Ферма смущен и растроган. То, что об этой истории помнит он сам, в порядке вещей. Но как запомнил ее Паскаль? К тому времени, когда вышли в свет «Опыты» Декарта — книга, появления которой с нетерпением ожидал весь ученый мир, — юному Блезу было не более четырнадцати… В те дни он, Ферма, позволил себе (само собой, в весьма вежливой форме) оспорить некоторые положения Декартовой оптики и геометрии. Но не это вывело из себя великого Рене, жившего тогда в Голландии. Почти одновременно с замечаниями Ферма в руки ему попал упомянутый уже трактат о наибольших и наименьших величинах. В ту пору вопрос этот интересовал многих, в том числе самого Декарта, и нежданное соперничество задело его сильнее, чем можно было предполагать. Особенно возмутило его, что автор трактата словом не обмолвился о собственных Декартовых изысканиях в этой области, будто и не знал о них вовсе! Так оно, кстати, и было на самом деле, только разгневанный Декарт не пожелал в это уверовать. И тут-то разыгрался эпистолярный скандал, повергший в такое волнение почтенных членов мерсенновской академии. Мнения разделились: одни поддерживали Декарта, другие (в первую очередь Этьен Паскаль и Роберваль) безоговорочно стали на сторону Ферма. Мерсенн, равно дороживший дружбой обоих, разрывался на части. Но все вместе единодушно возмущались странным поведением Декарта, отвечавшего на письма Ферма то с неуместной шутливостью, то с оскорбительным высокомерием. Что и говорить, эгоцентризм избалованного гения сильно повредил ему в глазах мерсенновцев, и в дальнейшем им уже никогда не удавалось преодолеть свое предубеждение, если не враждебность к Декарту… Ну да все это было давно, а старый тулузец Ферма примчался в Париж не для того, чтобы предаваться воспоминаниям. Ему не терпится поболтать о вопросах, возникших в связи с задачами шевалье де Мере. Кстати, каков он сам? Ферма знает о нем лишь то, что он человек в полном смысле слова светский.

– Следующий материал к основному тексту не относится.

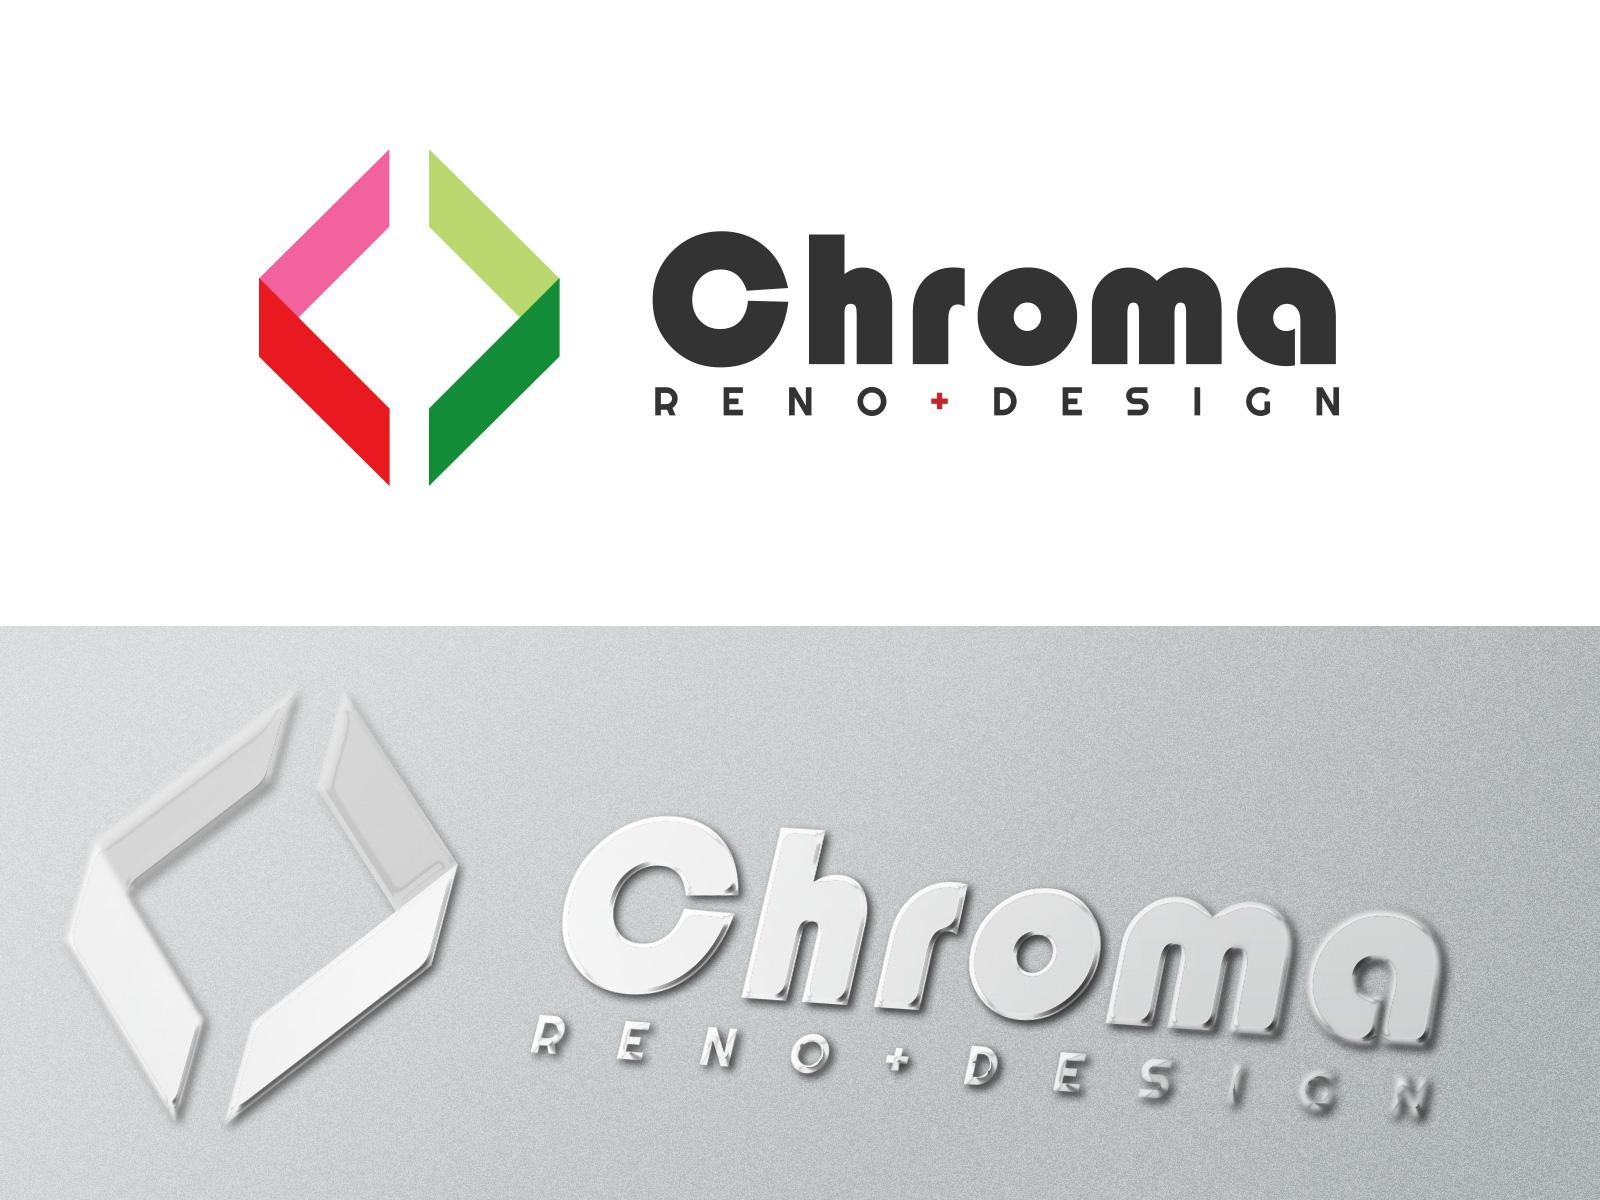 Logo Design by olii - Entry No. 169 in the Logo Design Contest Inspiring Logo Design for Chroma Reno+Design.

— Стало быть, вам известно самое главное, — насмешничает Паскаль. — Сам де Мере, во всяком случае, оценивает людей именно с точки зрения принадлежности или непринадлежности их к свету. Светский, по его понятиям, — значит образцовый, безупречный. Несветский попросту не заслуживает внимания. Весьма удобная жизненная позиция, не правда ли? Ибо если человек несветский, каким был, например, я в пору первой встречи с де Мере, толкует о предмете, недоступном пониманию шевалье, — о математике скажем, — значит, предмет этот низок и заниматься им всерьез по меньшей мере неприлично. Разве что слегка, в той степени, в какой он может быть усвоен самим шевалье.

— Короче говоря, он не математик, — мрачно заключает Ферма.

— И это самый большой его недостаток, — торопливо подхватывает Блез. — Подумать только, мне так и не удалось убедить его, что математическая линия делима до бесконечности!

— Да-а-а! Это уж из рук вон. И такой-то человек стоит у колыбели науки со столь удивительным будущим! Впрочем, серьезное в жизни нередко начинается с пустяков. Иной раз даже с игры…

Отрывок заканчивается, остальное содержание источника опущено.